IREF - Institute for Research in Economic and Fiscal issues
Fiscal competition and economic freedom
A merger between the German conglomerate Siemens and French rail firm Alstom was blocked by the European Commission at the beginning of February over concerns that the new European rail giant would raise costs to consumers and stifle competition in transport. Less than two weeks later, the German and French governments published an “industrial manifesto” to rewrite EU competition rules to allow for industrial champions that Europe would be able to leverage on the global stage. Economists, including Nobel-Prize Winner Jean Tirole, were quick to decry the blatant politicisation of antitrust policy. Regardless of what one believes about the Commission’s particular actions in the Siemens-Alstom case, it should be readily apparent that it is too late to protect antitrust from political concerns. The speed of German and French actions to decry domestic competition enforcement, combined with their support of action against foreign firms, betrays the inherently political nature of European antitrust.
The new German-French initiative to reform calls for analysis to focus on global rather than European markets when evaluating concentration, “massive investment in innovation”, and protection for European technologies. Beyond these moves towards state-directed investment and protectionism, they also propose that member states be given the right to override the Commission’s decisions. It is no surprise that Tirole and others are angered by the level of influence politicians are seeking over antitrust, which is meant to remain apolitical and evidence-based. But this ideal view of policy deviates significantly from reality, especially in the recent European context. Member states, at least the influential ones like Germany and France, have come to expect competition enforcement to play in their favour. Learning that Margarethe Vestager is able to act independently of their interests has motivated them to formalise the rules that were informally being acted upon.
French Minister of the Economy and Finance, Bruno Le Maire, in defending the reform commented that “Sometimes there is nothing more stupid than European rules.” The hilarity of this view is the French championing of repeated antitrust measures against American tech giants, such as Google, who were only found guilty of competition violations under European rules. Combined with France’s enactment of a digital tax, which almost exclusively impacts foreign firms, it is clear that competition policy is only viewed as “stupid” for failing to be protectionist enough.
European competition policy is notoriously vague and open-ended in terms of its ambitions, seeking to promote competition-as-such, and often being a narrow field limited to specialised experts.
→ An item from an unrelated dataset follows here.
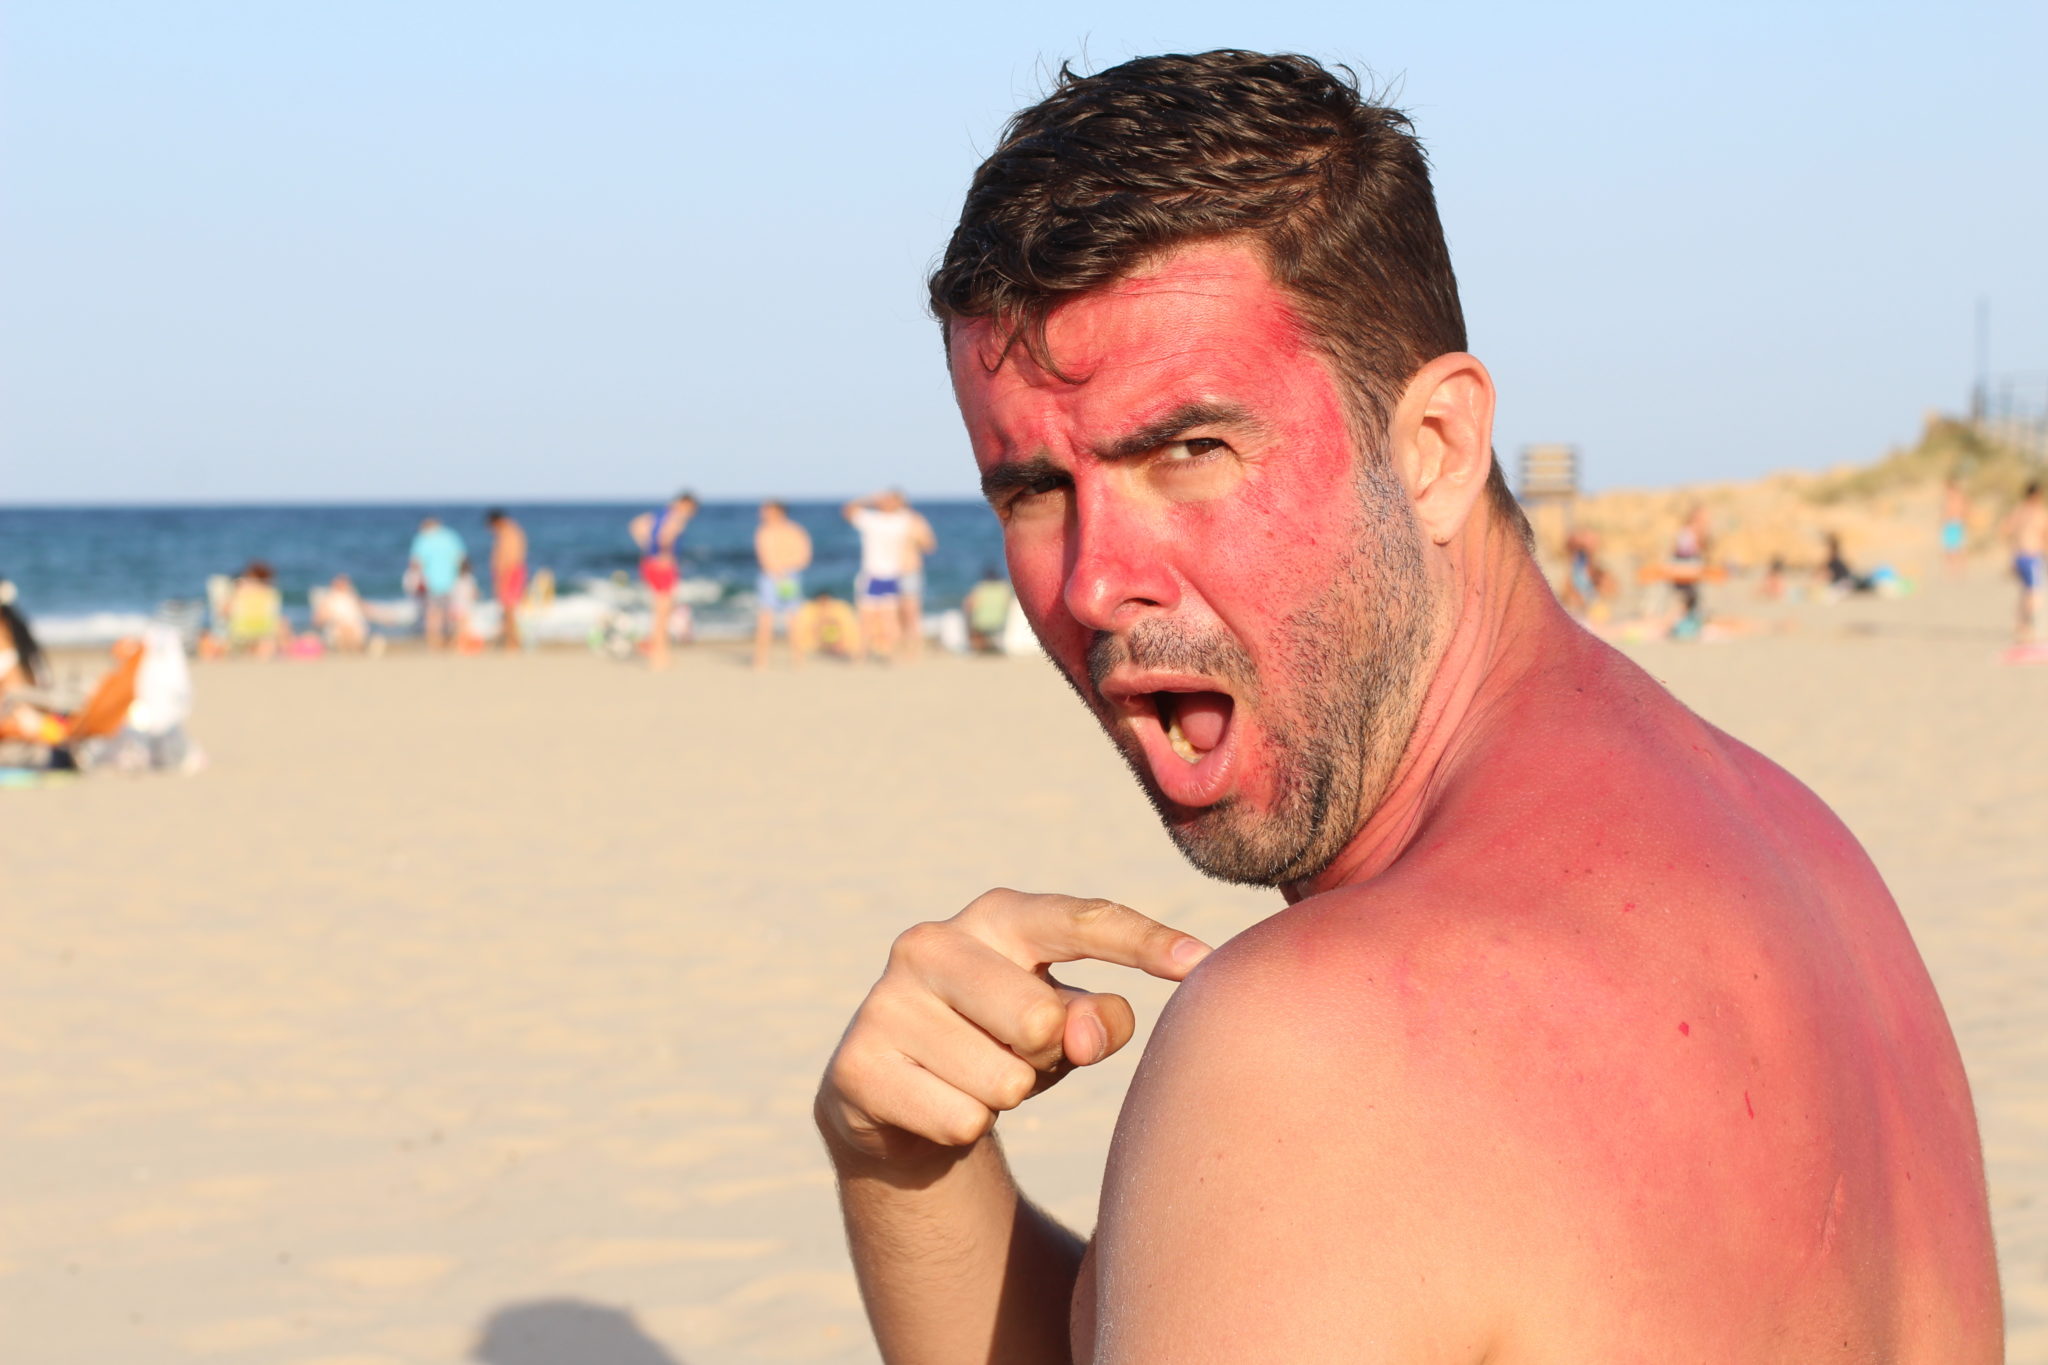 sunburned tourist

The opaqueness of European competition policy enables its easy co-opting by political interests, especially when compared to the American model of enforcement. While the American evolution of antitrust was historically more political, it developed into something well-defined and goal directed, a model Europe attempted to copy, but with wide exemptions for its state-actors. The American consumer welfare standard, in contrast to the European defence of competition more broadly, depoliticises antitrust by focussing on consumers. This focus limits the ability for political interference, which has in recent years frustrated those in the US who aim to turn antitrust policy a vehicle for their political ambitions.
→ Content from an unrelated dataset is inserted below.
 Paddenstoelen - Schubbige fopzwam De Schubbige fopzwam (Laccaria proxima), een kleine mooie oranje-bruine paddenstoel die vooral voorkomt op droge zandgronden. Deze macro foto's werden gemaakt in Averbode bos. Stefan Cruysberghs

That many of these frustrated groups look to Europe as a reminder of what politically-motivated antitrust can look like is no accident. That it is politicians, and not a popular movement, asking for change is similarly indicative. A lack of transparency and clear vision for European competition policy narrows the field of relevant actors and stakeholders, and grants them each more power over the ends to which competition policy is directed.
At the heart of the anger by politicians over the merger decision is Europe’s lagging behind the United States, Canada, and China in key sectors of innovation. In 5G technology, the United States leads in deployment, while Chinese firms dominate the supply-side. In artificial intelligence, the United Kingdom, which is still in the process of leaving the EU, is the only European nation producing research and start ups on par with global leaders. The General Data Protection Regulation (GDPR), whose costs have been apparent since soon after its launch, has only continued to consolidate European markets by being cost-prohibitive for smaller entrants and making companies more risk-averse in data-driven innovation.
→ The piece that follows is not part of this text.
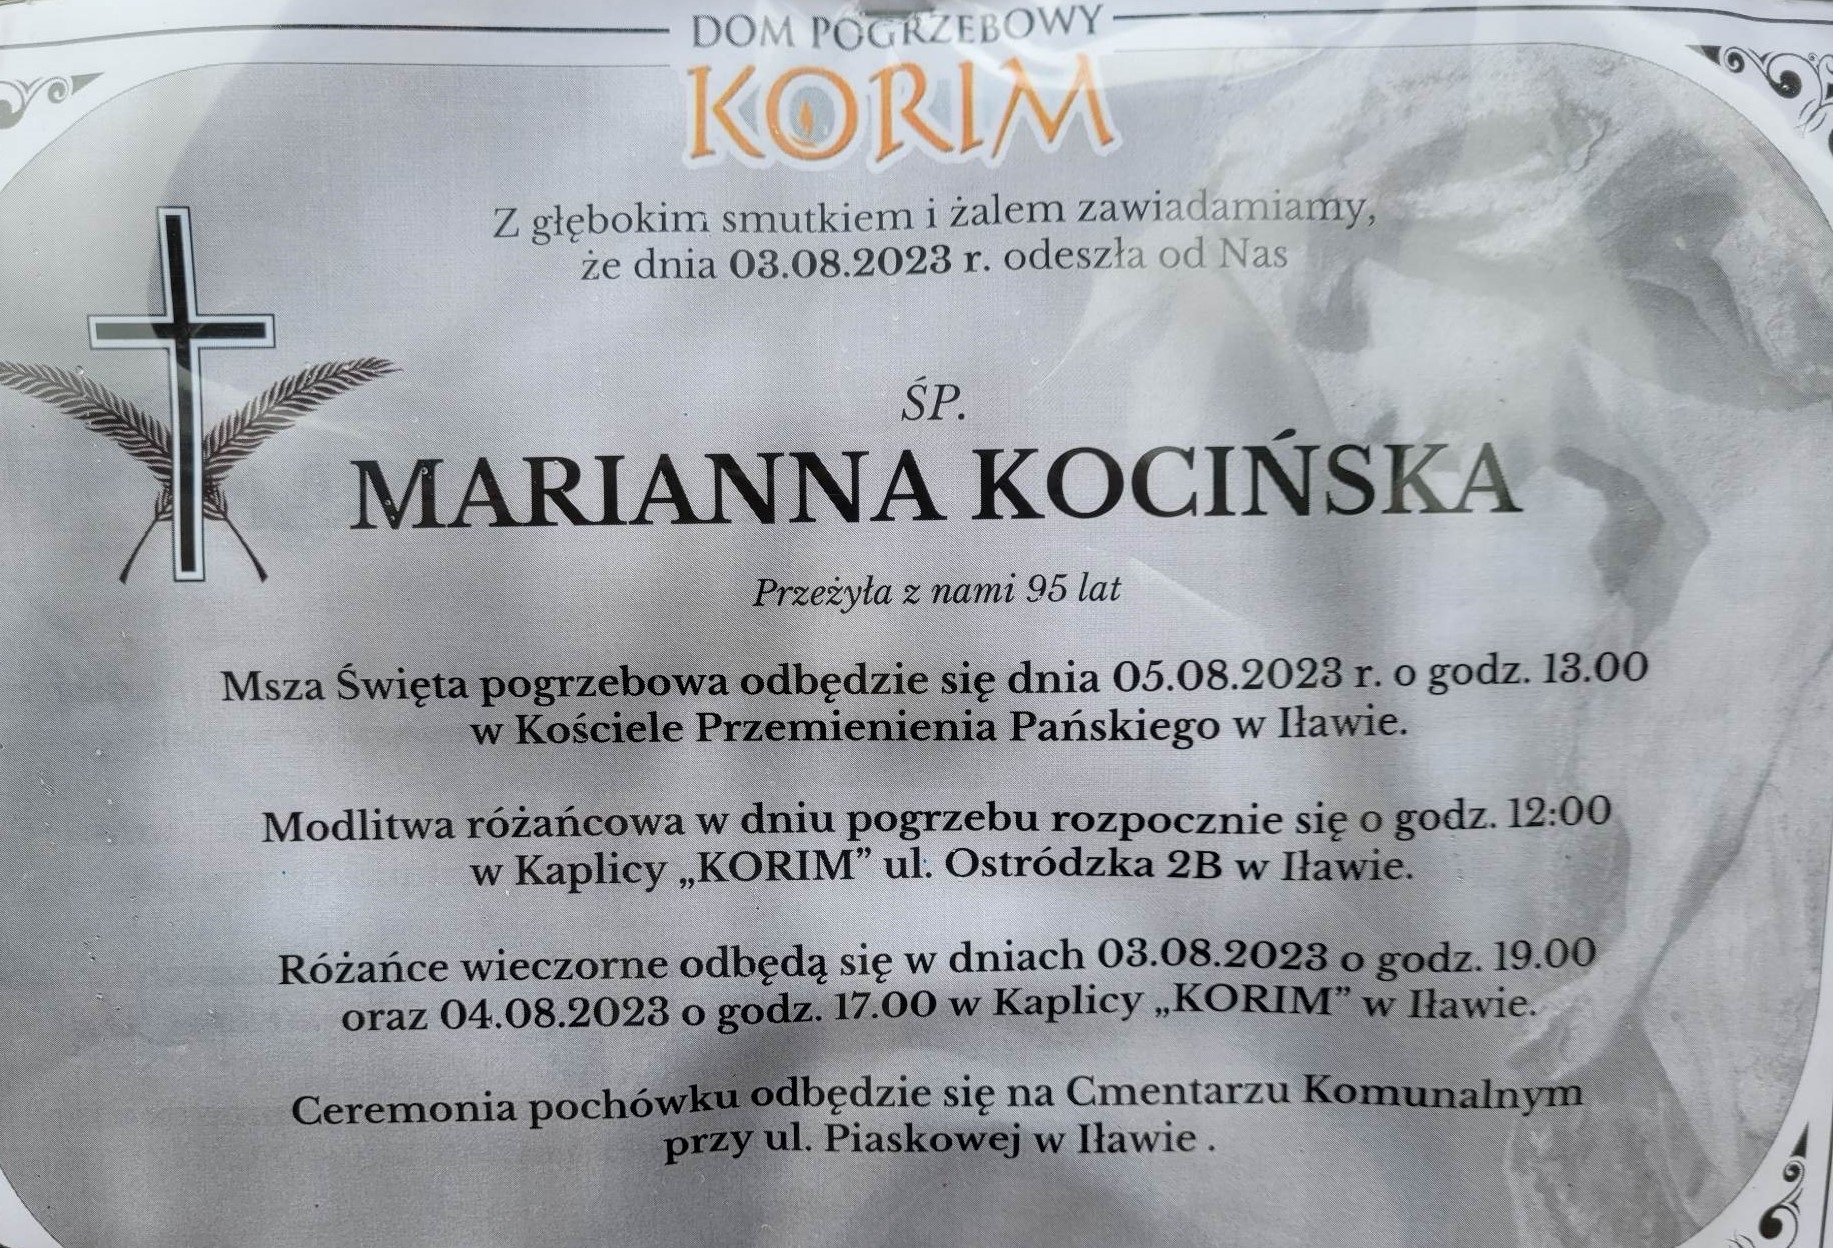 Marianna Kocińska

Whereas European politicians could focus on encouraging domestic innovation and freeing companies from the burden of excessive red-tape, they have instead taken to targeting foreign firms that have benefitted from more innovation friendly environments. That antitrust would be a vehicle for this is no surprise given its global impact. Just as with GDPR, which has effectively become a standard for companies operating in less well-defined privacy regimes, antitrust decisions against foreign firms impact their decisions even outside Europe. The ability to continue to target them, while exempting domestic firms, would allow European regulators more freedom to tinker with domestic markets, free from the worries of foreign competition.
Critics of the reform have focussed on how the recent German and French actions will affect the credibility of the Commission to effectively enforce decisions. The attitudes developing towards innovation, most notably in France, reveal that credibility is no longer of major concern. France has decided to move forward with digital taxation even as German officials worry about American retaliation. After fining Google for a third antitrust violation, they were warned of more to come. To say that enforcement has been free from politics till now simply does not stand up to scrutiny.